Artikel 15a GTG ändert jedoch nichts an der Tatsache, dass die Art und der Inhalt der zu erteilenden Ausbildung in den Zuständigkeitsbereich jener Person fallen, die die gentechnisch veränderte Pflanze vermarktet. Heute existiert bereits eine Ausbildung für Personen, die für die biologische Sicherheit im geschlossenen System (Laboratorien, Forschungsinstitutionen, Spitäler usw.) zuständig sind (Biosafety Officers, BSO). Die Kurse für die BSO64, die momentan auf freiwilliger Basis erteilt werden, entsprechen einem Bedürfnis und haben sich als Instrument für die biologische Sicherheit bewährt. Desgleichen könnte im Rahmen der Koexistenz die Harmonisierung von Normen im Ausbildungsbereich zu einer relevanten Frage für deren Umsetzung werden. Der neue Artikel 15a überführt in das Gesetz die Möglichkeit, ein solches Instrument einzuführen, und verweist damit auf die Sicherheitsziele des GTG.

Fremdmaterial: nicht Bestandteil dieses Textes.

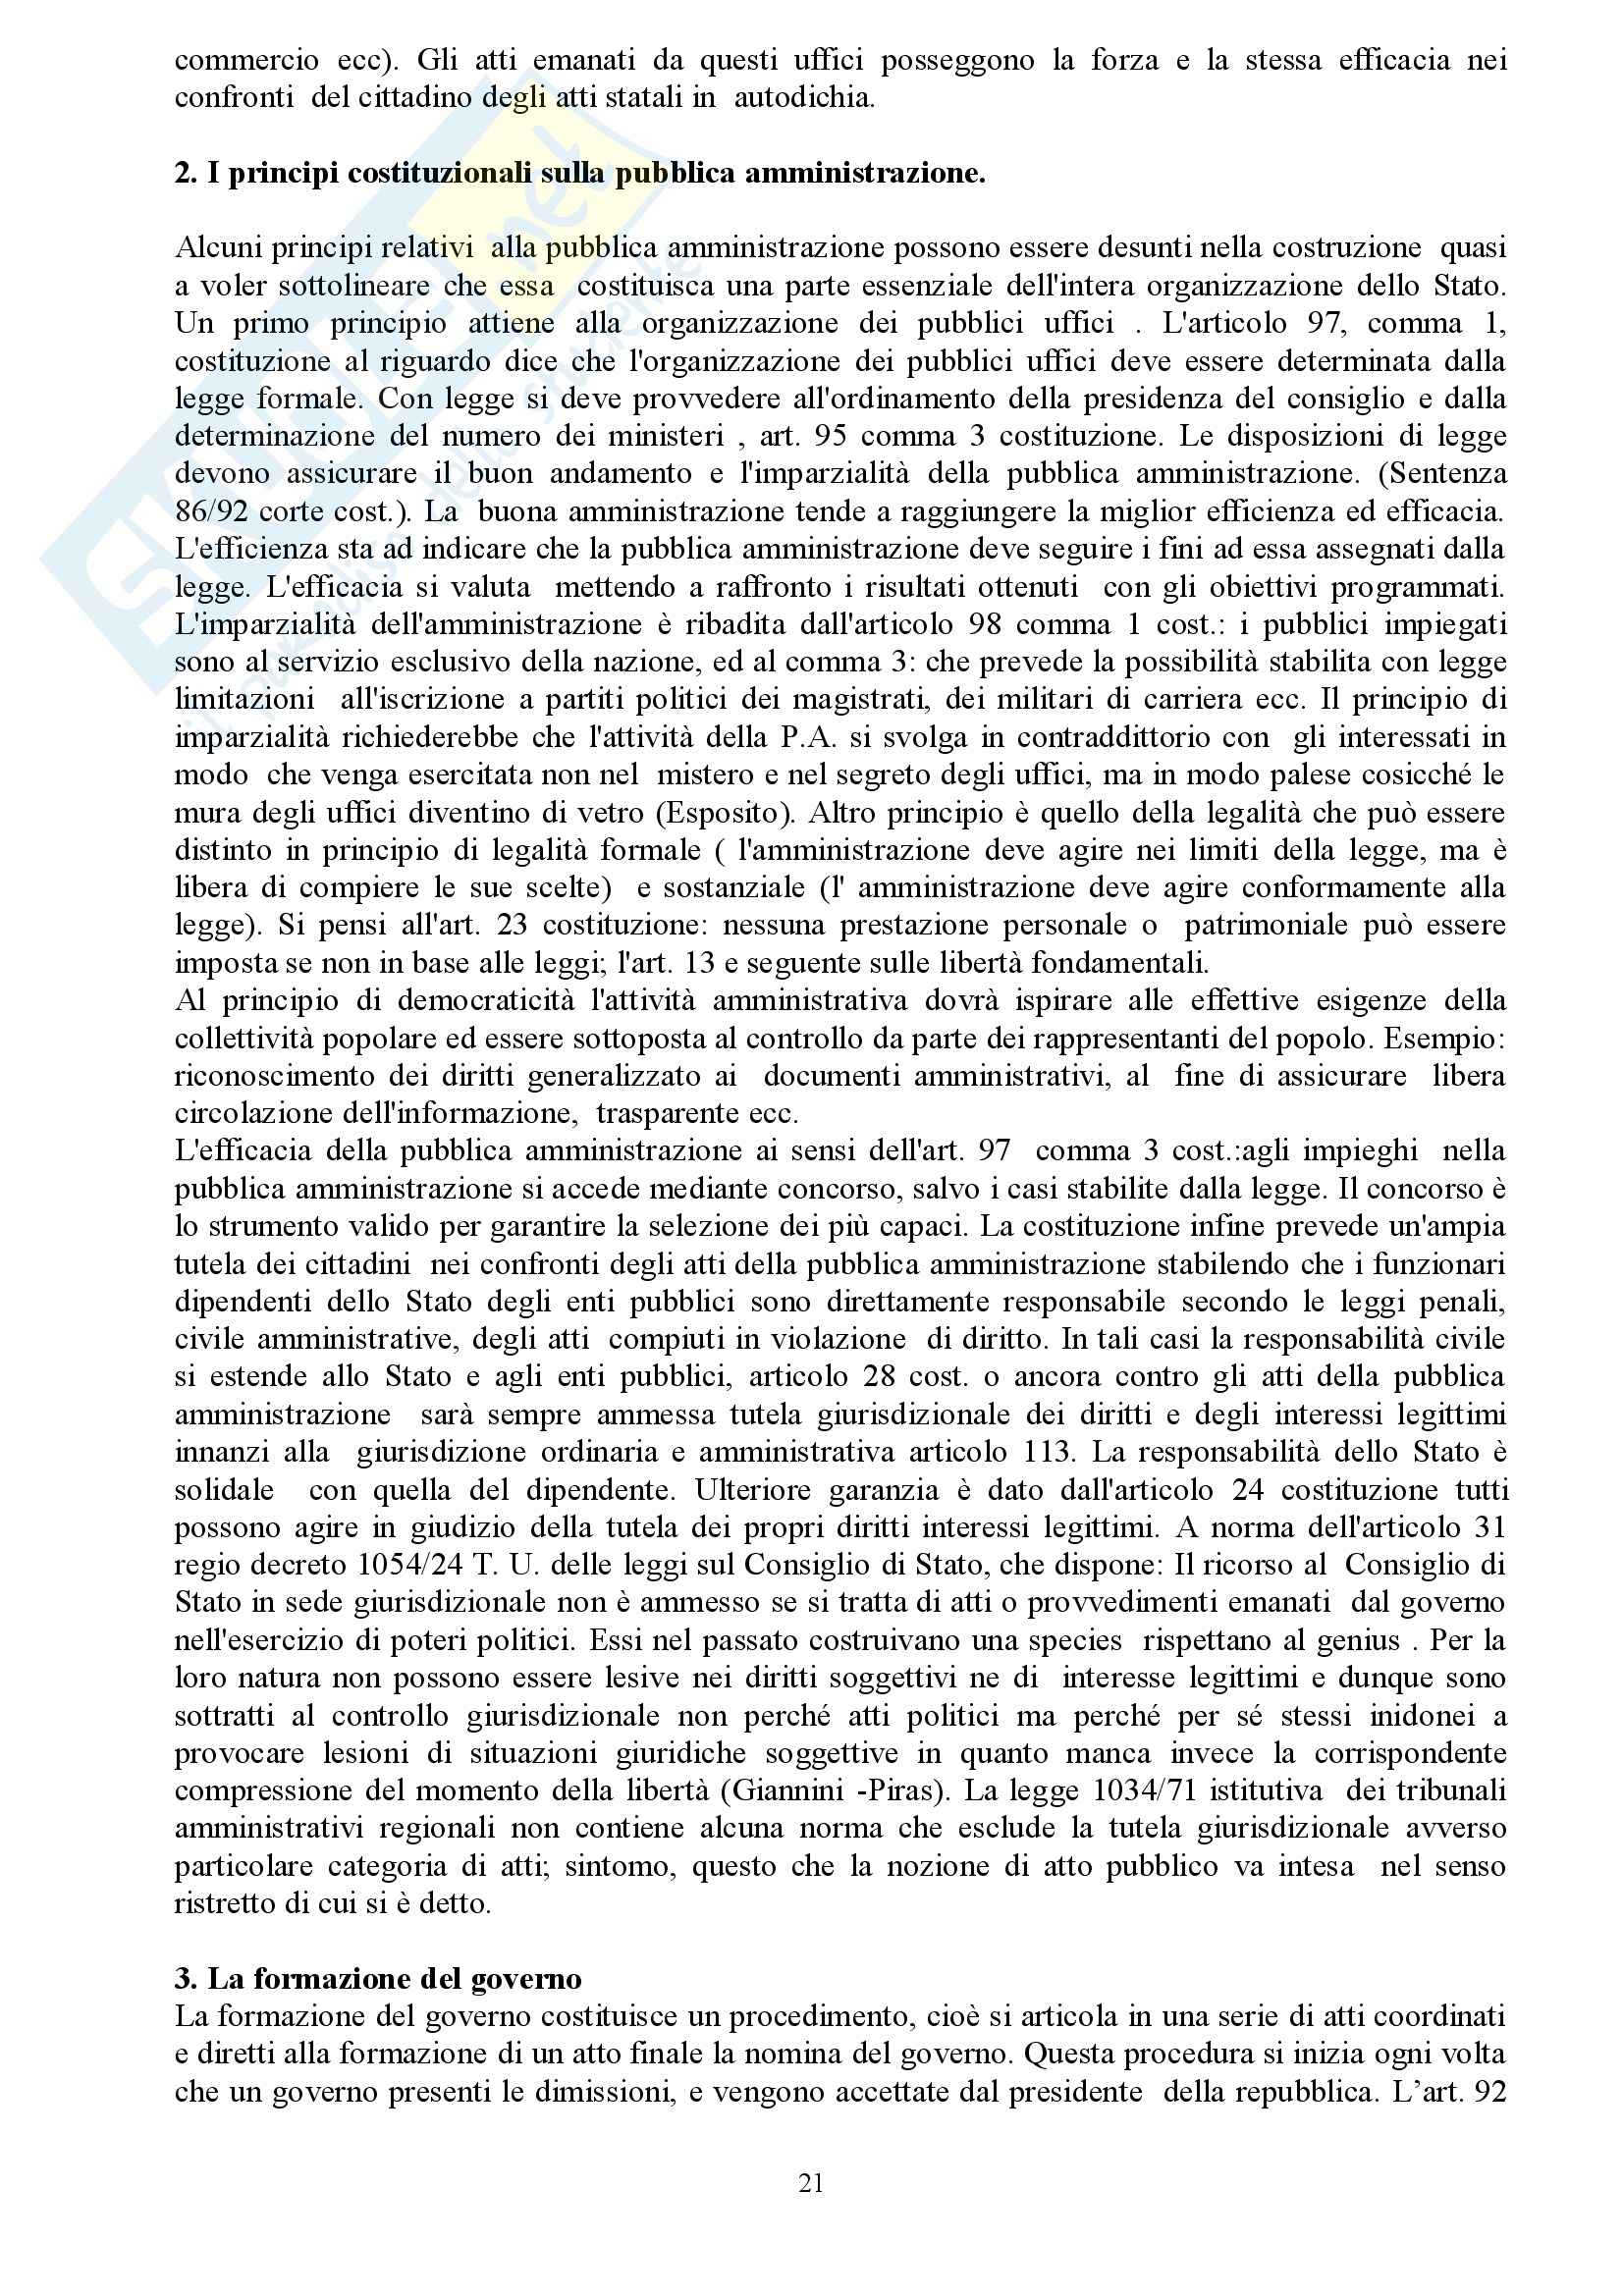 Riassunto esame Diritto Costituzionale, prof. indefinito, libro consigliato Diritto Costituzionale, Martines Pag. 21
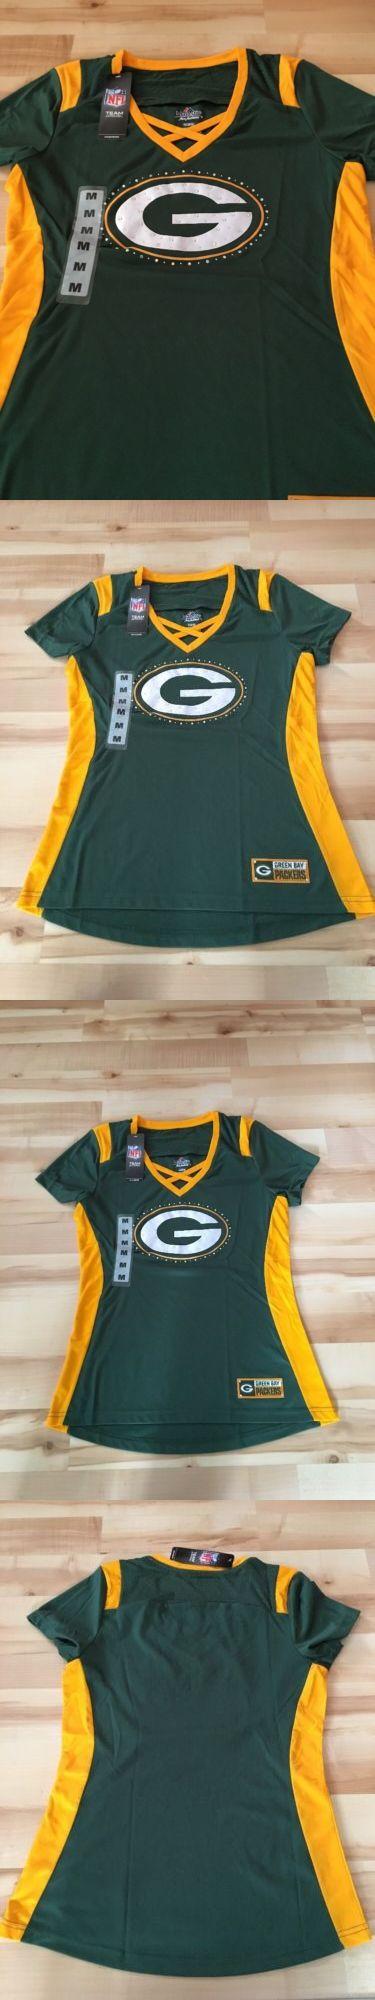 Women 159110: Women S Majestic Green Bay Packers Draft Me Tee Size Medium Nfl Rhinestones -> BUY IT NOW ONLY: $32.99 on eBay!

Art. 16 Abs. 2 Die Koexistenz umfasst sämtliche Massnahmen, die die Qualität der Produktionsketten ohne GVO gewährleisten sollen. Um sicherzustellen, dass das zu vertreibende Produkt die geltenden Kennzeichnungsnormen erfüllt, müssen technische, biologische und organisatorische Massnahmen ergriffen werden. Schon heute sieht Artikel 16 GTG die Anwendung solcher Massnahmen entlang der Produktionsketten vor, allerdings mit Bezug auf den Warenfluss und ohne explizit den Produktionsort zu erwähnen. Bei den als Lebensmittel verwendeten Produkten gelten die Bestimmungen
gemäss dem spezifischen Recht65. In der Landwirtschaftspraxis werden die GVO-Produkte, die für die Landwirtschaft (z. B. Saatgut) oder als Futtermittel bestimmt sind, jedoch häufig vorübergehend an verschiedenen Orten zwischengelagert (Feld, Fahrzeuge, Hof), bevor sie in die eigentliche Produktionskette gelangen.

Absatz 2 fordert nun, dass Massnahmen auch für die Produktions- oder Zwischenlagerungsorte getroffen werden.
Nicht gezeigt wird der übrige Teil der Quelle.